# Aim of the exercise:
Type out the data exactly as given. Skip any image.

Top of Supplied material

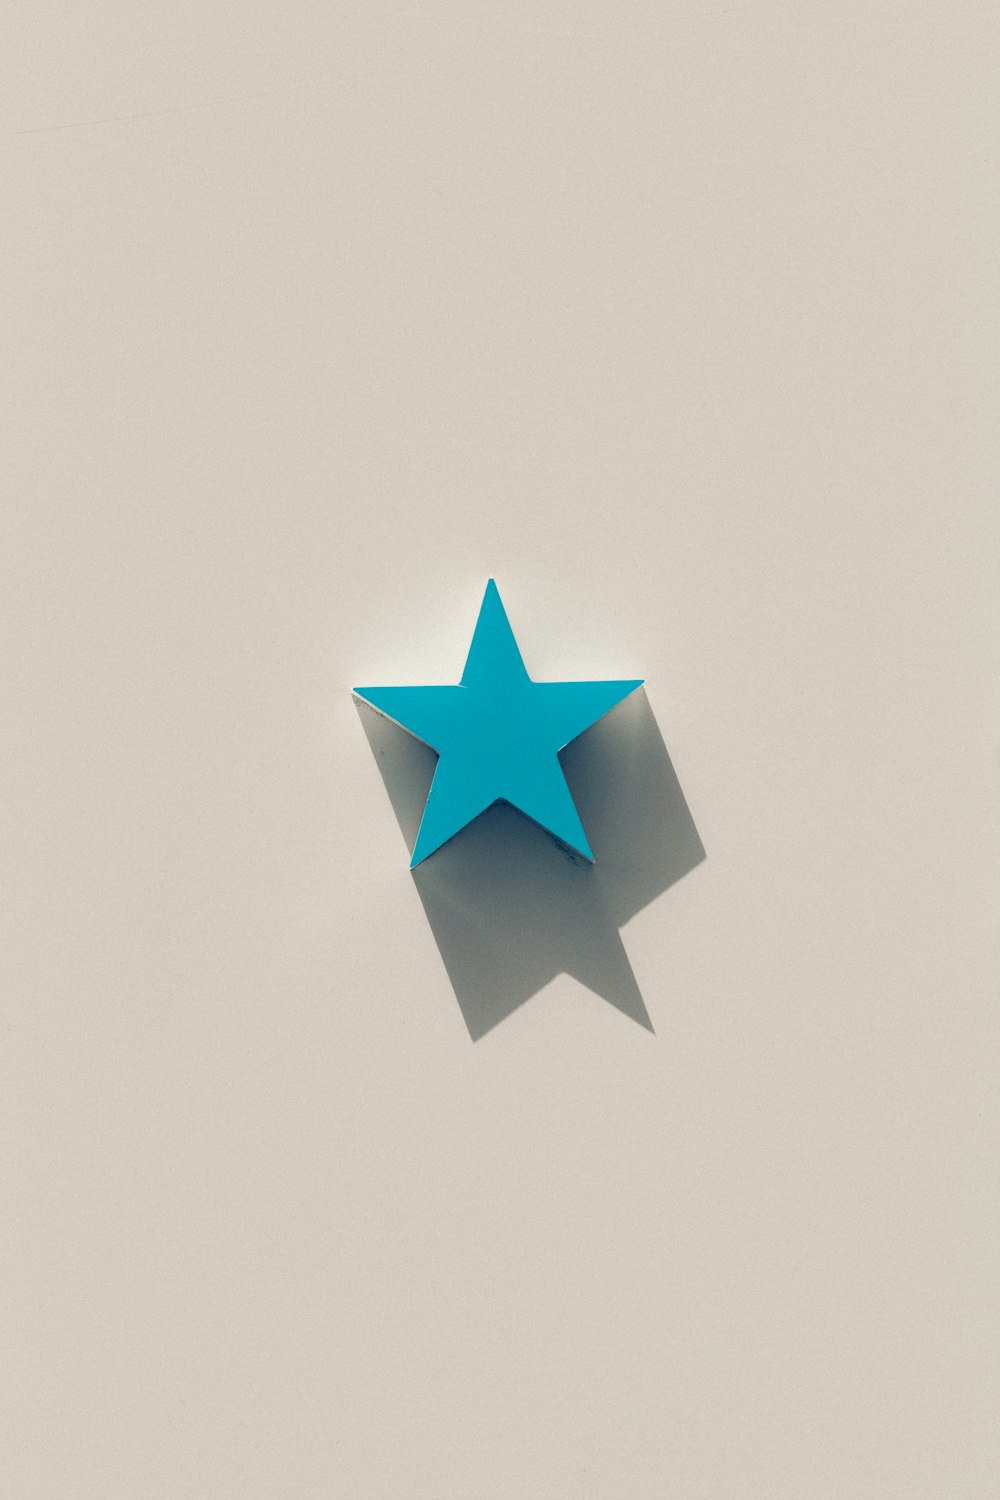 Blaue Stern-Illustration mit weißem Hintergrund
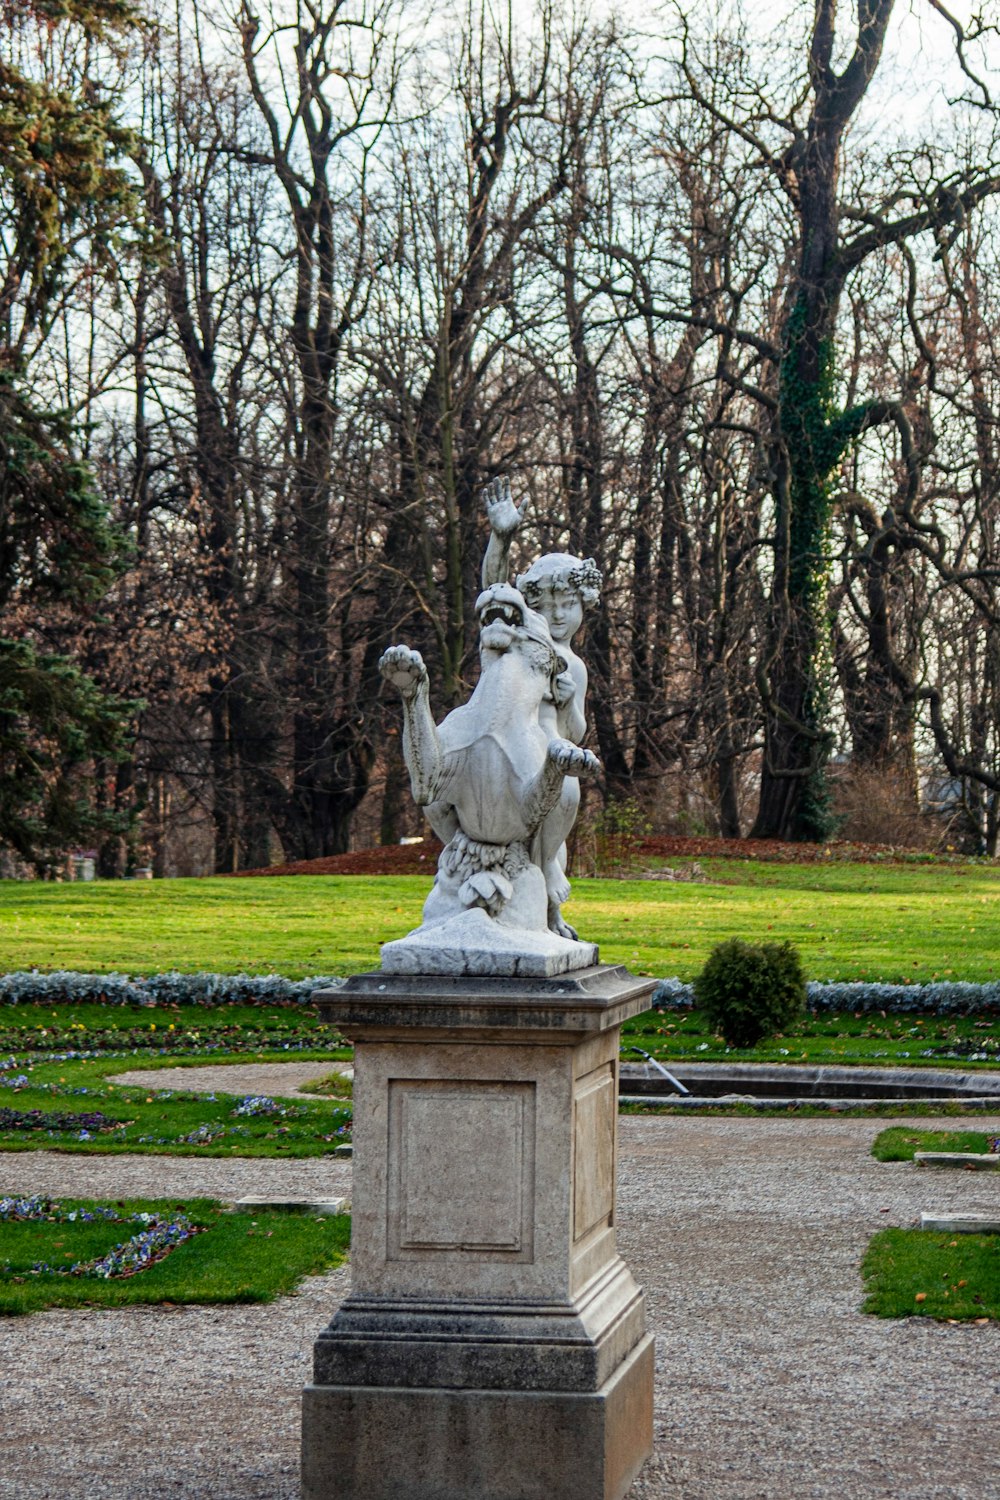 Una estatua de un hombre montando a caballo en un parque
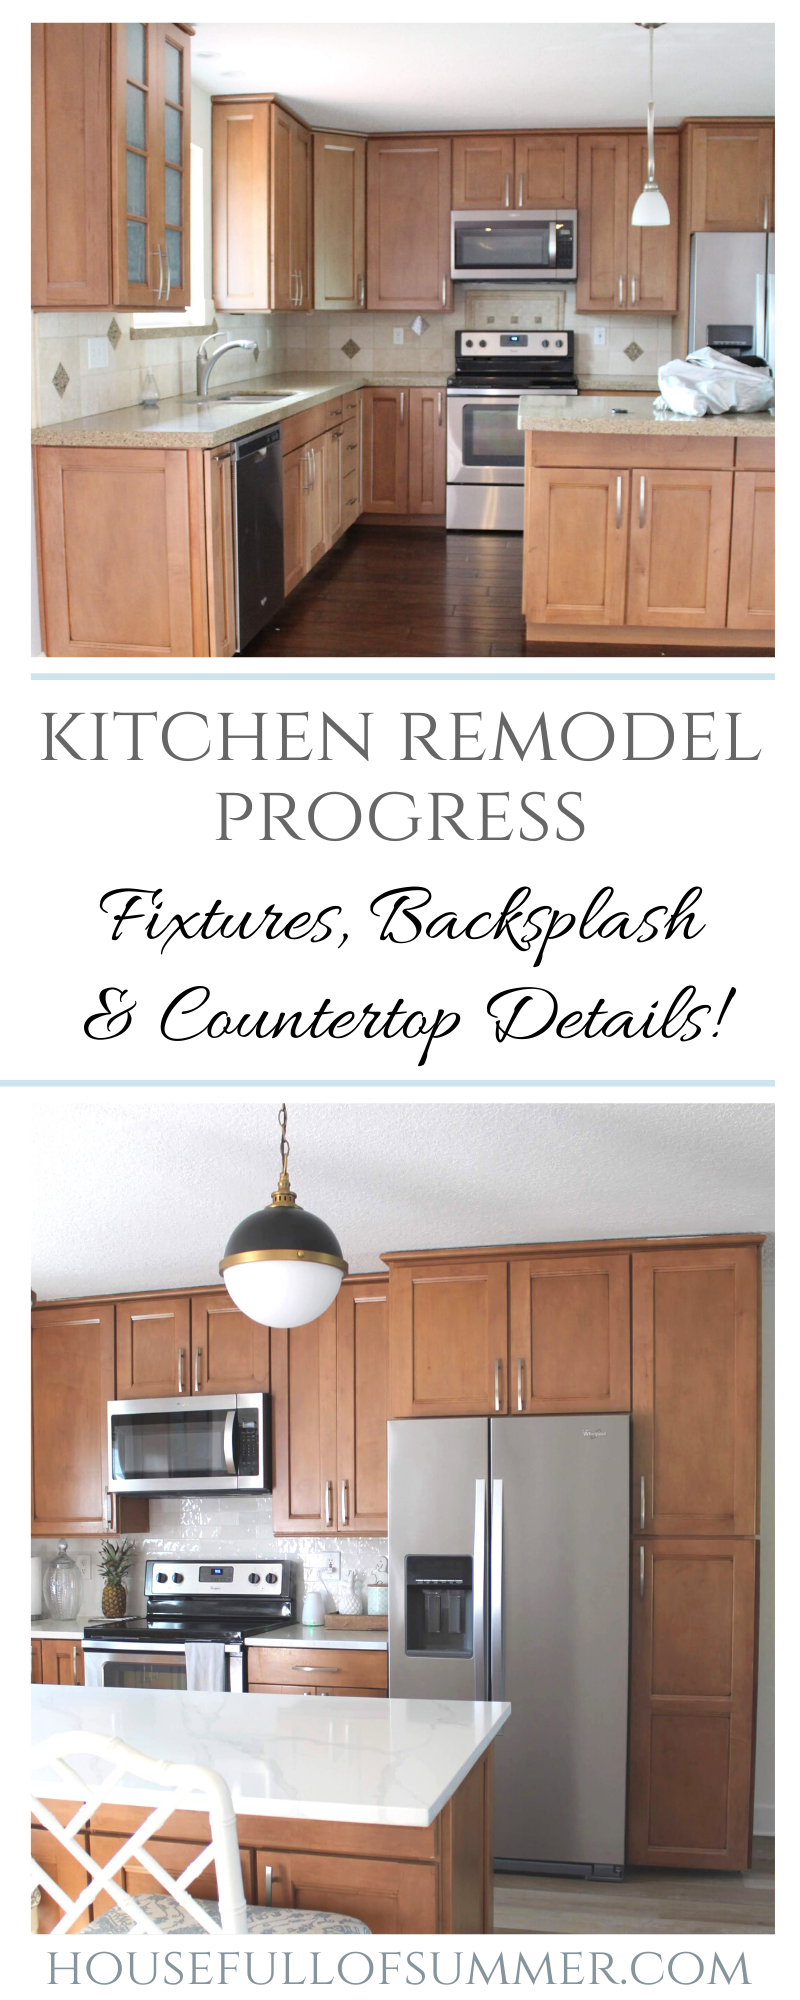 Kitchen Remodel Progress Fixtures Backsplash Countertop
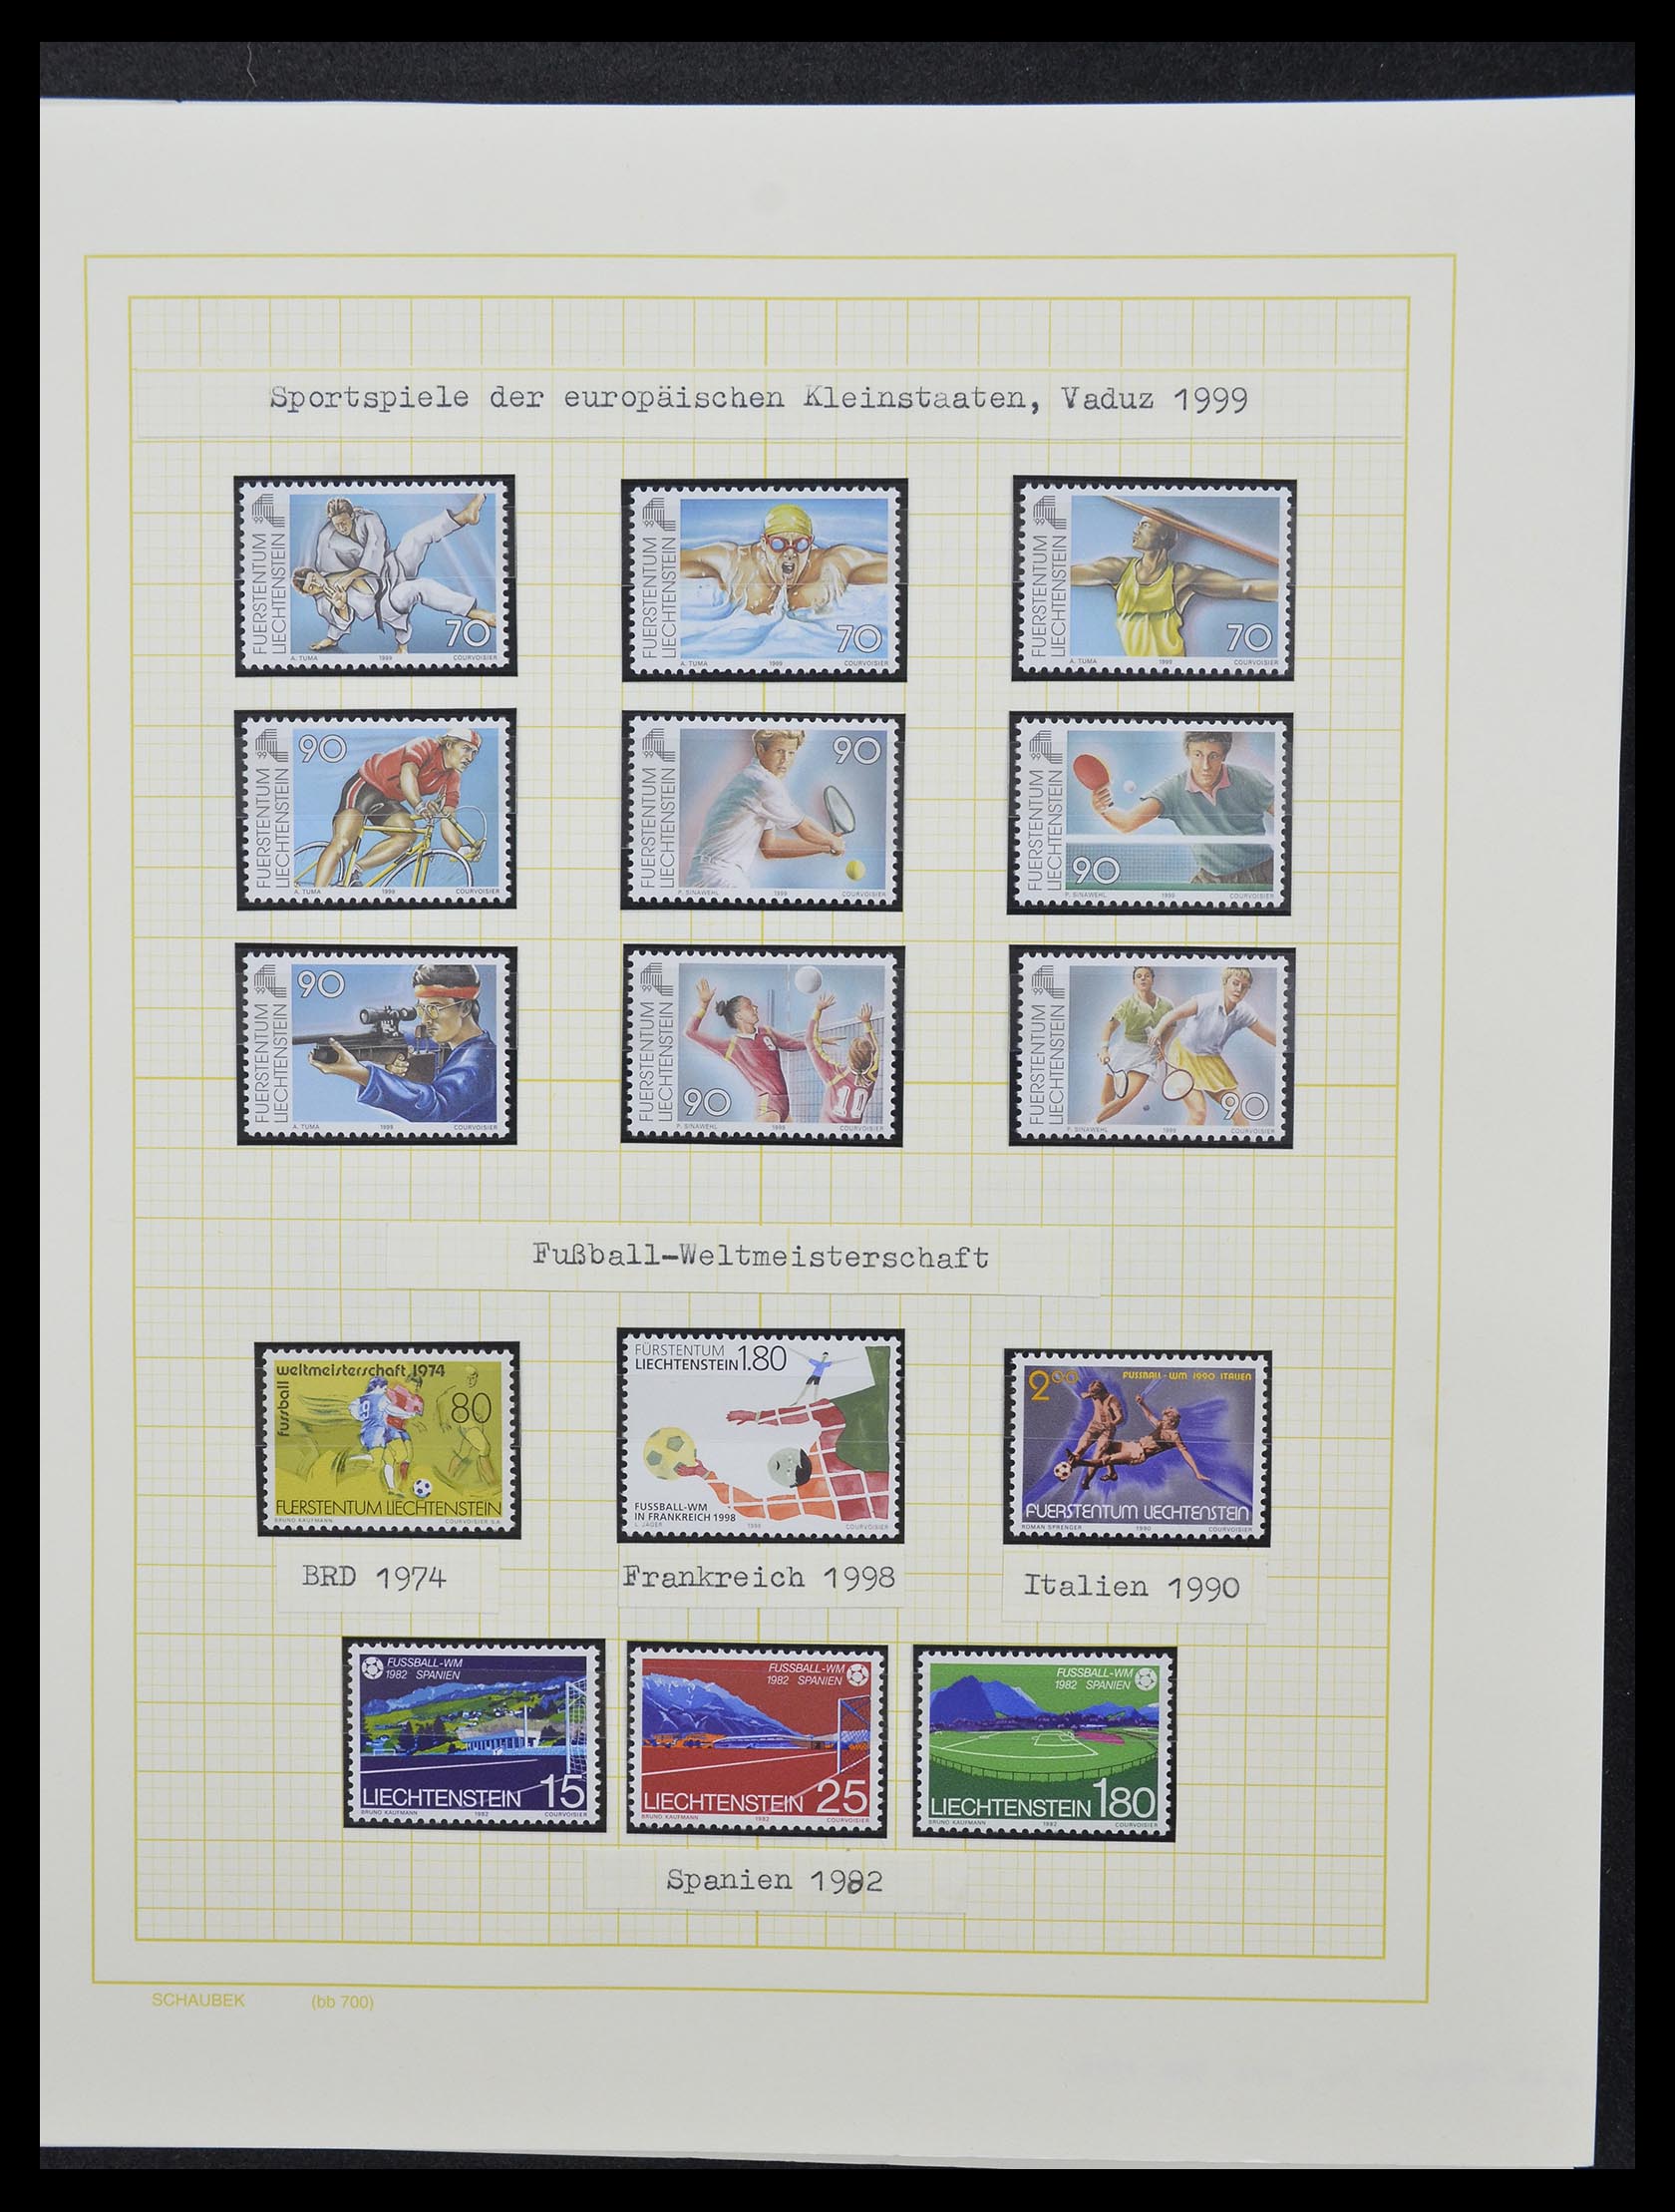 33138 086 - Stamp collection 33138 Liechtenstein 1912-2002.

Bottom of Supplied material

# Completed exercise:
 Blaue Stern-Illustration mit weißem Hintergrund
 Una estatua de un hombre montando a caballo en un parque
 Kitchen Remodel Progress Fixtures Backsplash Countertop
 33138 086 - Stamp collection 33138 Liechtenstein 1912-2002.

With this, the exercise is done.